Shauna, I can see where Christian gets his strength from,YOU. Keep up the good work Christian, I know you can do it!
Treasure those little moments. Keep believing, hoping and praying. We're doing the same with you!!
YEA for those small miracles!!! I know how reassuring it must have been to see him relax just a little after all those neurostorms.....I hope today brings even less of those and a nice day for everyone......You guys are constantly in our thoughts and prayers Shauna......XOXOXOXOX
It's so wonderful when they sleep and everything relaxes. His fingers responding to your touch is really terrific news! And the "storms" or "sensory overload" is totally normal. It will get better! We did a lot of therapy with sensory stuff for that later on that helped with the agitation, and now, Cici can tolerate a LOT more! Keep fighting Christian! We're all here for you. And Shauna, I'm here for you too, if you ever need to talk. Jenny (Cici's mom)
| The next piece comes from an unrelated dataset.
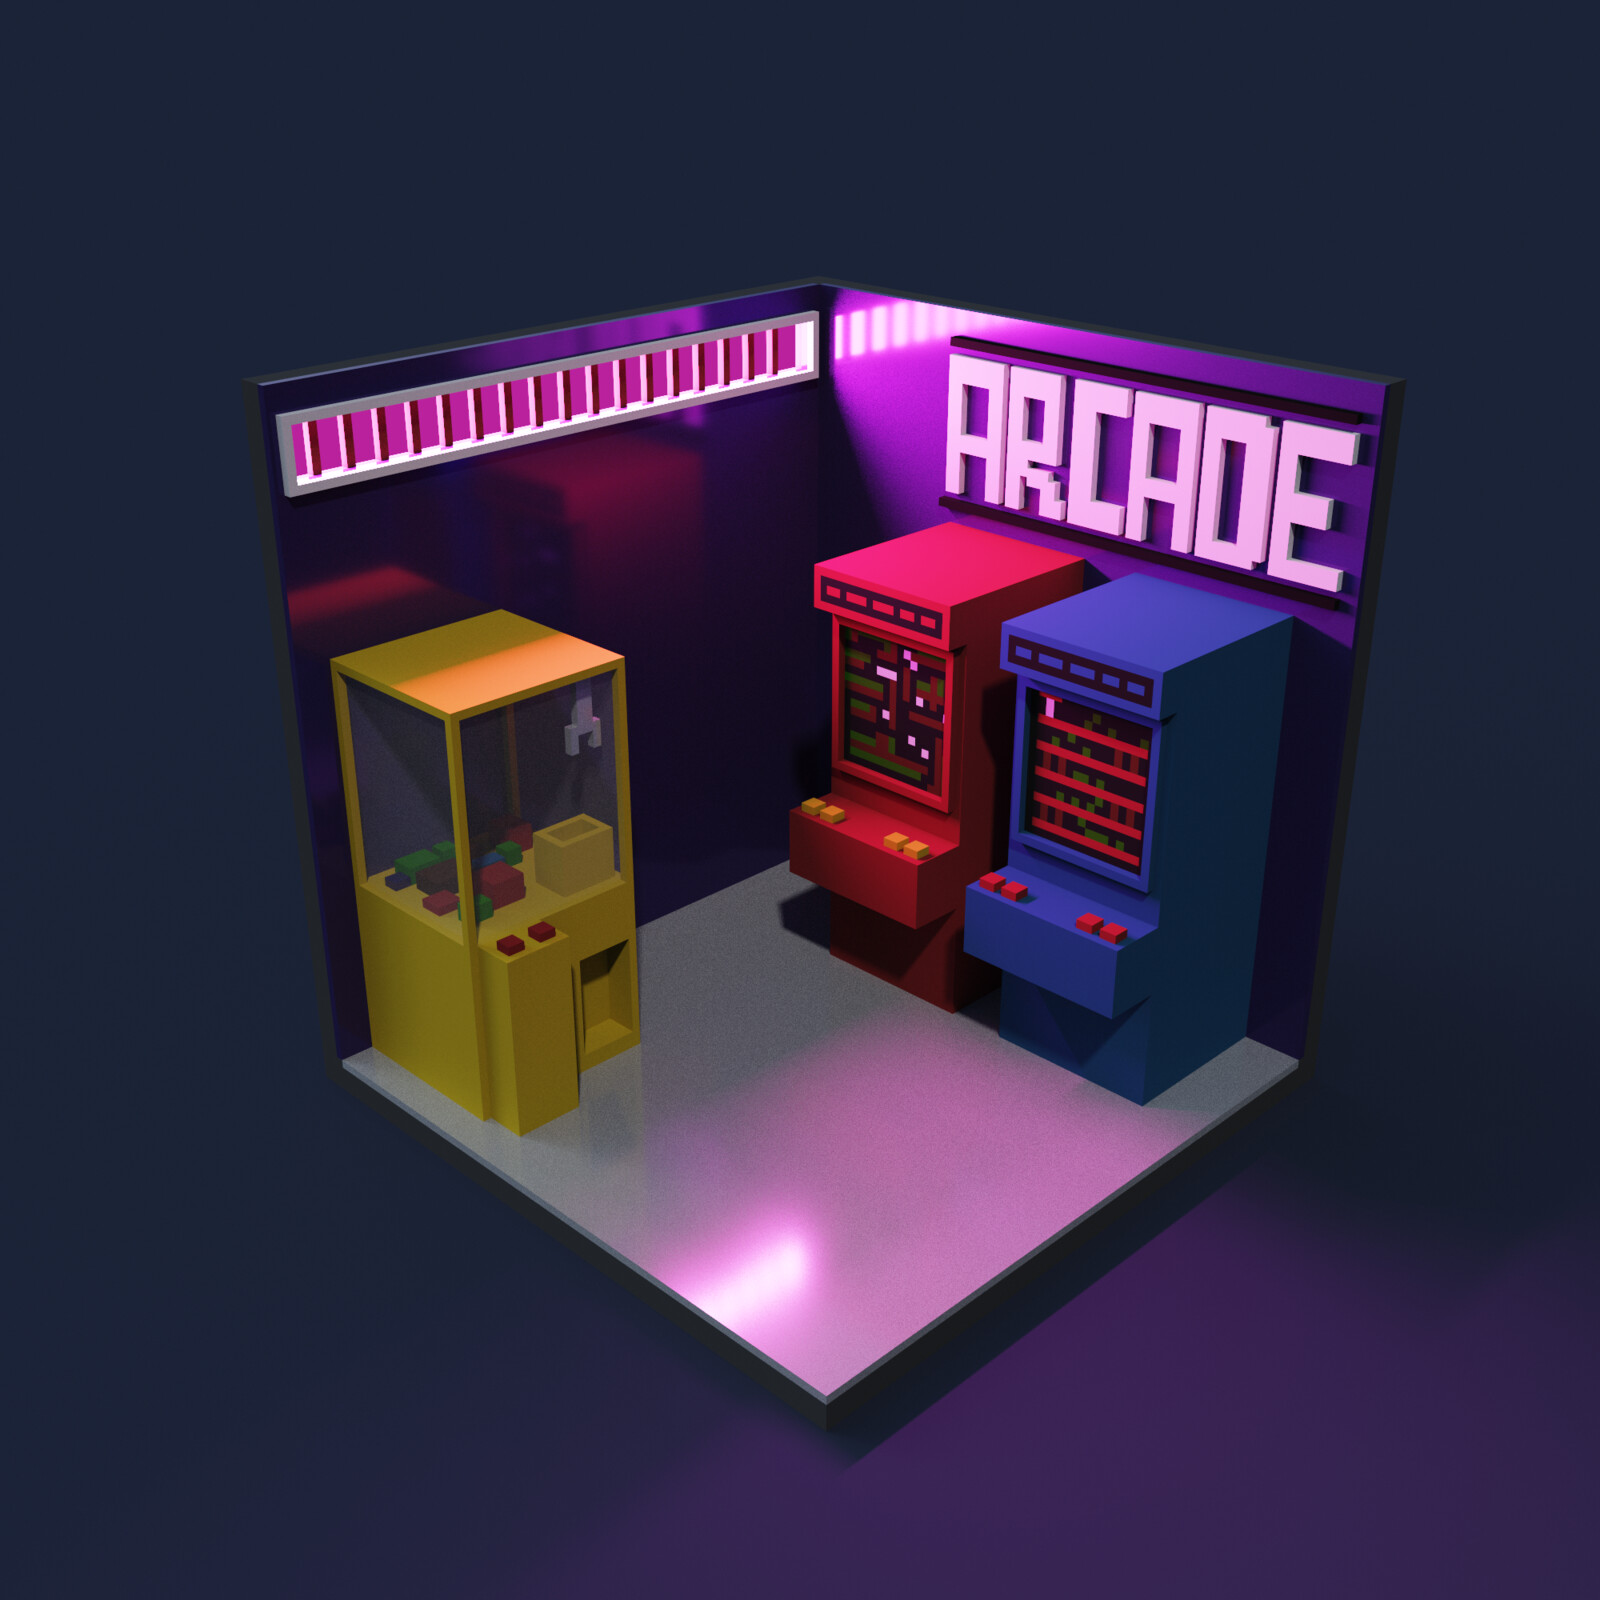 90s vibe retro arcade.
https://hic.af/o/567355

I'm so glad to hear you sound so positive. It's important to appreciate these little improvements...and to keep such a positive attitude. I agree that he gets his strength from you! He should be honored to have such a wonderful mommy!
I just heard of your story. My prayers are with your baby boy Christian! PLEASE let him be ok. I'm a mom to 3 boys, my heart aches for you.
How wonderful for you to experience the calmness in him after having gone through a rough day. Continued prayers being sent for Christian and your whole family. He is one amazing little boy and has shown us all so much!